Monday, March 4, 2013

Example: Winning the Vikings

Let me remind you of the four different “mission mechanisms”at work to bless other peoples: 1) going voluntarily, 2)involuntarily going without missionary intent, 3) coming voluntarily, and 4) coming involuntarily (as with Gentiles forcibly settled in Israel—2 Kings 17).
 
As in the case of the Norsemen in England, one of the most obvious means by which conversion could have occurred was through intermarriage and the cultural integration that this would entail. There are some signs that the Norse pirates in France, as elsewhere, were overwhelmingly male. In his study of Scandinavian personal names attested in Normandy between 911 and 1066, Jean Adigard des Gautries managed to identify seventy-nine masculine Norse names, but only three feminine names.

Moreover, a good argument can be made that many of the Norman settlers integrated very quickly into Frankish, Carolingian civilization. This was probably especially true in those areas where the Norman establishment consisted not of the creation of Scandinavian communities, but rather of a political takeover by a military elite, obviously made up exclusively of men. The evidence for this speedy assimilation is mostly negative, but still striking. There is absolutely no Norman equivalent to the Scandinavian-inspired sculpture found throughout England.

On a more abstract level, the Vikings seem to have generally taken over and left intact many native institutions, since by the eleventh century, when documents become available, it is clear that rural estates had preserved essentially Carolingian features and that ducal government operated largely through mechanisms which were inspired by Carolingian notions of authority.

Both of these factors suggest the sudden integration brought about by intermarriage, not the creation of Scandinavian communities. Assuming that these men must have taken Frankish, Christian wives, their children, like the children of mixed Scandinavian-English marriages, would surely have been drawn into the dominant Christian culture of their mothers’ families. 

There are indications of Oda’s evangelizing work, however, that are more concrete than his young kinsman’s schooling. Noting that Oda’s pontificate was “a notable period in diocesan reorganization”, R. R. Darlington once remarked, “it is probably not by accident that the sees of Elmham and Lindsey reappear while Oda was archbishop.” Even as bishop of Ramsbury, Oda was surely able to promote religious foundations in eastern England, for although Ramsbury is not in the Danelaw, it was an extremely important diocese from which further archbishops of Canterbury after Oda, such as Sigeric the Serious and Ælfric, came.
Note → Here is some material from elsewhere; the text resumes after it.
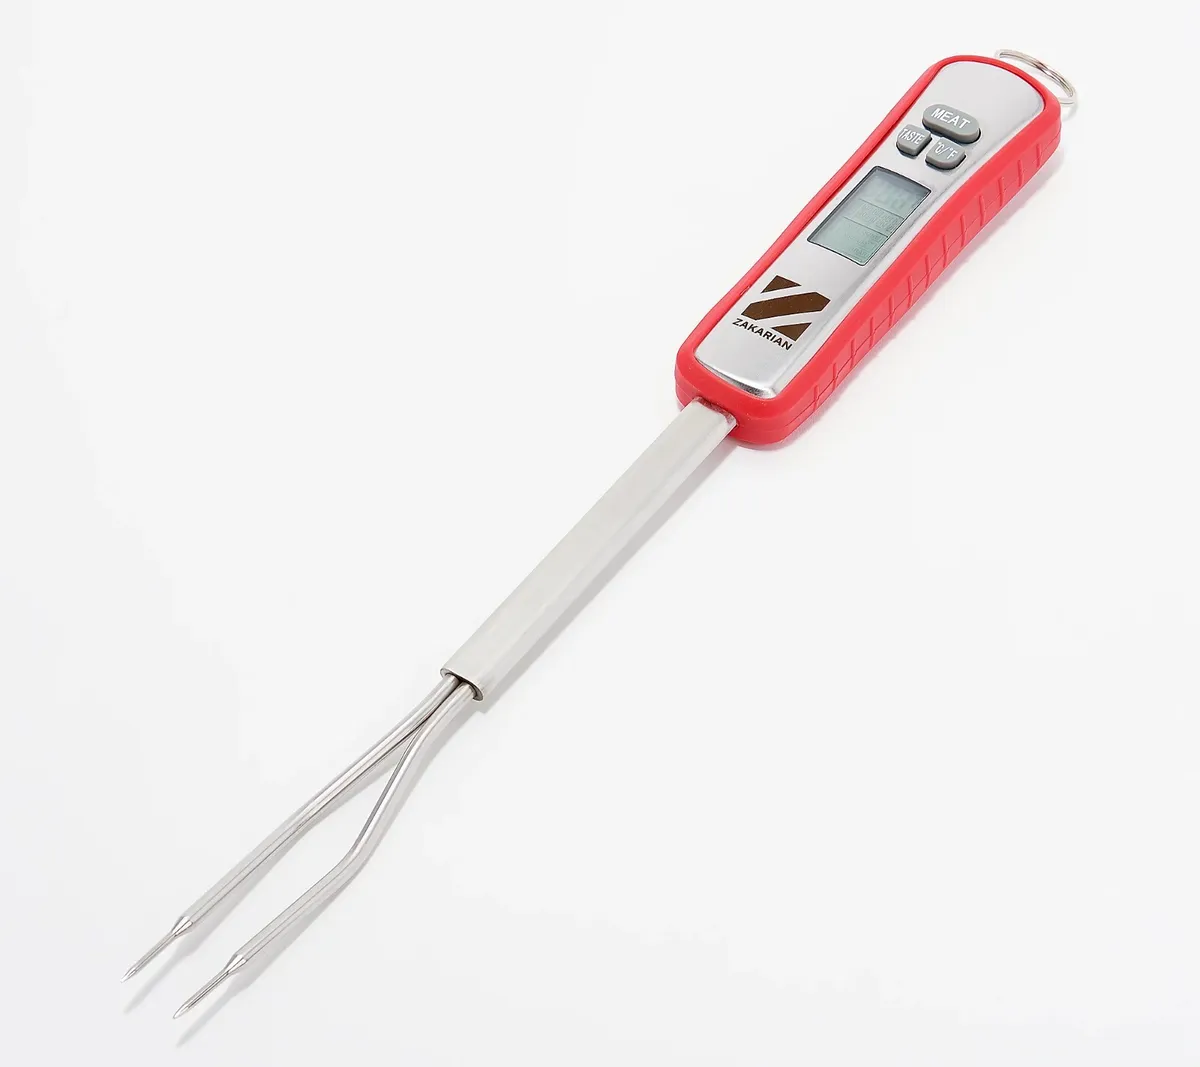 Geoffrey Zakarian Barbecue Digital Fork Thermometer, K62415 - Cranberry  (Red)

Anyone who achieved such a position would enjoy favor and influence with the secular rulers and would be in a position to have some bearing on the decisions of other bishops. He could have urged the promotion of Theodred to the bishopric of London c. 931. From Theodred’s will, we know that as bishop of London, he also administered churches in at least Suffolk, if not the whole of East Anglia. Dorothy Whitelock, in fact, suggests that he could have been chosen specifically to reorganize the area of the former Danelaw. His will mentions a number of small religious establishments in East Anglia whose interests he had presumably promoted. He was certainly responsible for the re-establishment of an identifiable diocese in East Anglia, for in 956, Eadulf, Bishop of Elmham, made his profession to Oda.
 
As this was the first diocese to be organized in East Anglia since the Viking conquest, it came to function simply as the bishopric of East Anglia for well over a century. On one occasion, King Eadwig (955-59) made a grant of land to Oda at Southwell. This site later became the core of the Nottinghamshire diocese, suggesting that Oda must have quickly taken the opportunity to use the site as a base from which to promote the Christian cause. Paul Cavill suggests that Oda’s promotion to Canterbury in 942 may well have been because of his success in promoting and reorganizing the Church in heavily Scandinavianareas. Just a few years earlier Olaf Sihtricsson (generally known as Amlaíb Cúarán), the Irish-Norse king defeated at the Battle of Brunanburh in 937, had reneged on his promises and had re-taken Northumbria. King Edmund was therefore forced to make an advance into Northumbria. It is likely that in considering the permanent re-conquest of Northumbria, Edmund recognized the value of a churchman of Danish ancestry who could help the church advance in Danish areas and incorporate it into the structure of the rest of the English Church.